We want the error to be less than 0.01:
$\frac{e^{1/2}}{(n+1)!} \left(\frac{1}{2}\right)^{n+1} < 0.01$

STEP 6

Now we need to find the smallest $n$ such that the inequality in STEP_5 holds. We can do this by trial and error, starting with $n=0$ and increasing $n$ until the inequality is satisfied.

STEP 7

Let's start with $n=0$ :
$\frac{e^{1/2}}{(0+1)!} \left(\frac{1}{2}\right)^{0+1} = \frac{\sqrt{e}}{2}$
Since $\sqrt{e} > 1$ , this is clearly greater than 0.01, so we need to try a higher value of $n$ .

STEP 8

Now let's try $n=1$ :
$\frac{e^{1/2}}{(1+1)!} \left(\frac{1}{2}\right)^{1+1} = \frac{\sqrt{e}}{8}$
Again, since $\sqrt{e} > 1$ , this is still greater than 0.01, so we need to try a higher value of $n$ .

STEP 9

Continue with $n=2$ :
$\frac{e^{1/2}}{(2+1)!} \left(\frac{1}{2}\right)^{2+1} = \frac{\sqrt{e}}{48}$
This might be less than 0.01, but we need to check.
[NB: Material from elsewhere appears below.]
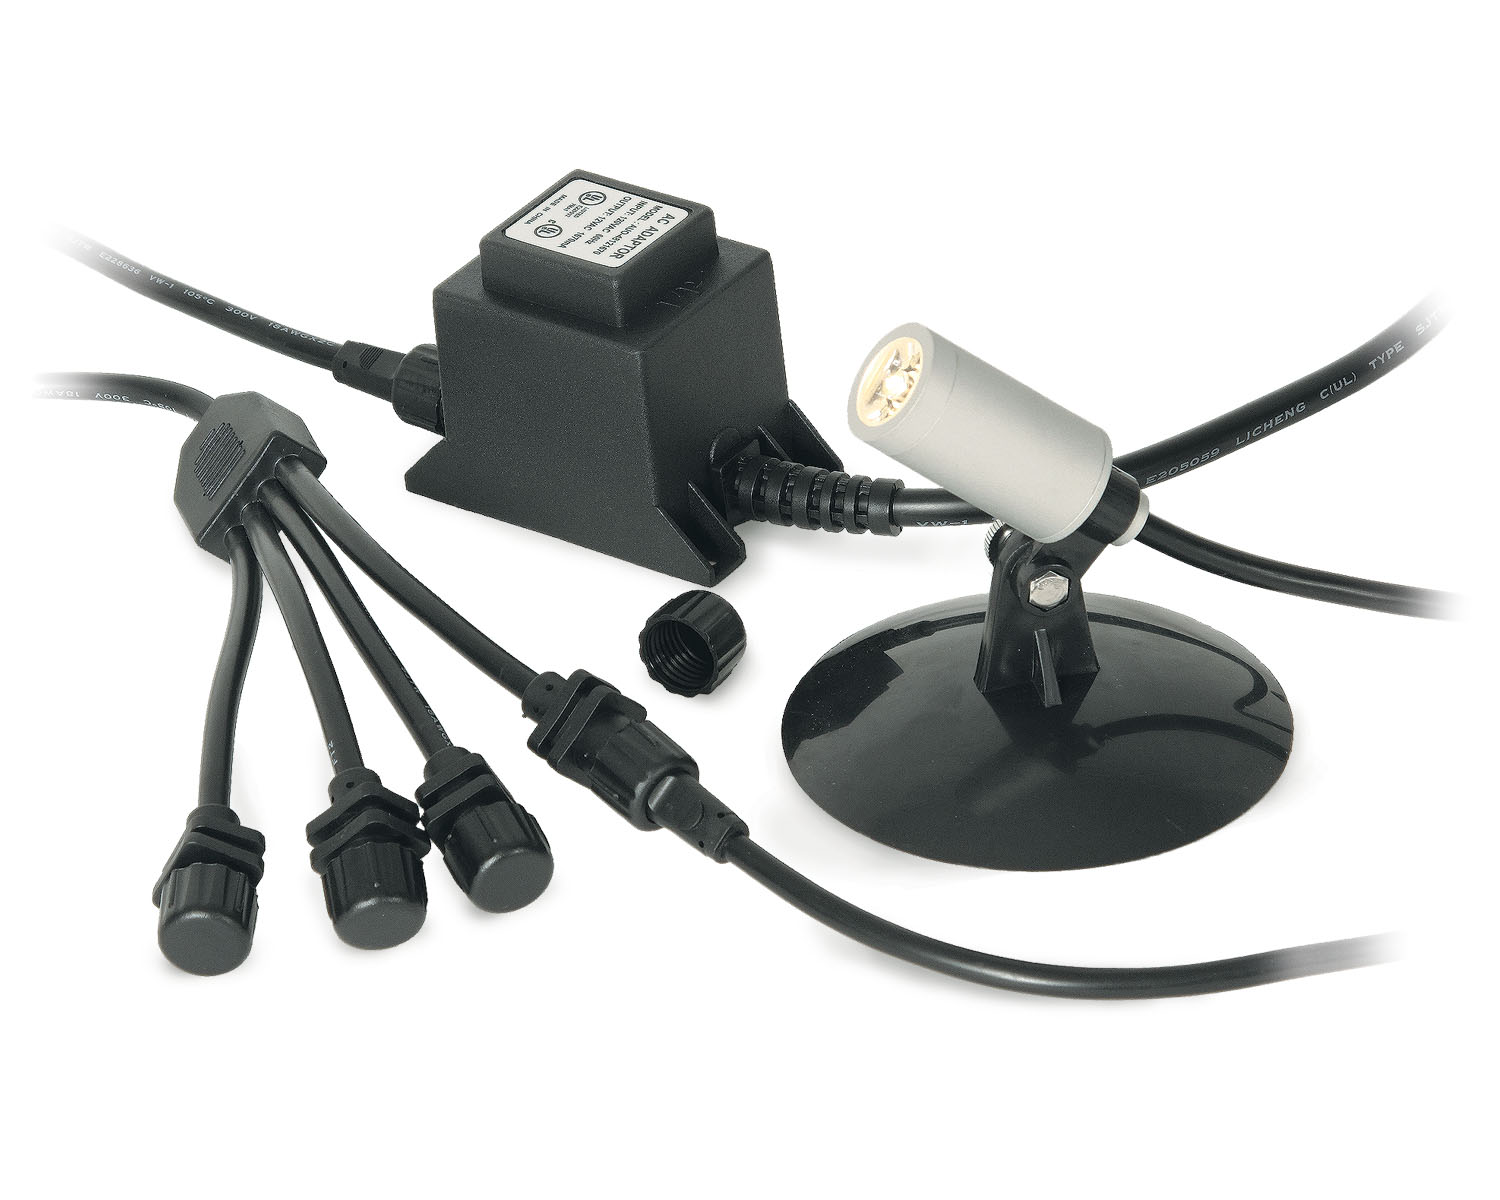 LED Pond Lights Pro Series Kit : Best prices and selection of Pond Supplies & Wholesale to the Trade. Featuring Pond Pumps, Submersible Pumps, Fountain Pumps, Pond Liner,

Since $e \approx 2.71828$ , we have $\sqrt{e} \approx 1.64872$ .

STEP 10

Calculate the approximate value of the error for $n=2$ :
$\frac{1.64872}{48} \approx 0.03435$
This is still greater than 0.01, so we need to try a higher value of $n$ .

STEP 11

Now let's try $n=3$ :
$\frac{e^{1/2}}{(3+1)!} \left(\frac{1}{2}\right)^{3+1} = \frac{\sqrt{e}}{384}$

STEP 12

Calculate the approximate value of the error for $n=3$ :
$\frac{1.64872}{384} \approx 0.00429$
This is less than 0.01, so $n=3$ is sufficient for the approximation.

STEP 13

Now we can write the Maclaurin polynomial for $e^x$ up to the third term to approximate $e^{1/2}$ :
$P_3(1/2) = 1 + \frac{1}{2} + \frac{(1/2)^2}{2!} + \frac{(1/2)^3}{3!}$

STEP 14

Calculate the approximation:
$P_3(1/2) = 1 + \frac{1}{2} + \frac{1}{8} + \frac{1}{48}$

STEP 15

Add the terms to find the approximate value of $\sqrt{e}$ :
$P_3(1/2) = 1 + 0.5 + 0.125 + 0.0208333 \approx 1.6458333$
The Maclaurin polynomial approximation for $\sqrt{e}$ with a maximum error of 0.01 is approximately 1.6458333.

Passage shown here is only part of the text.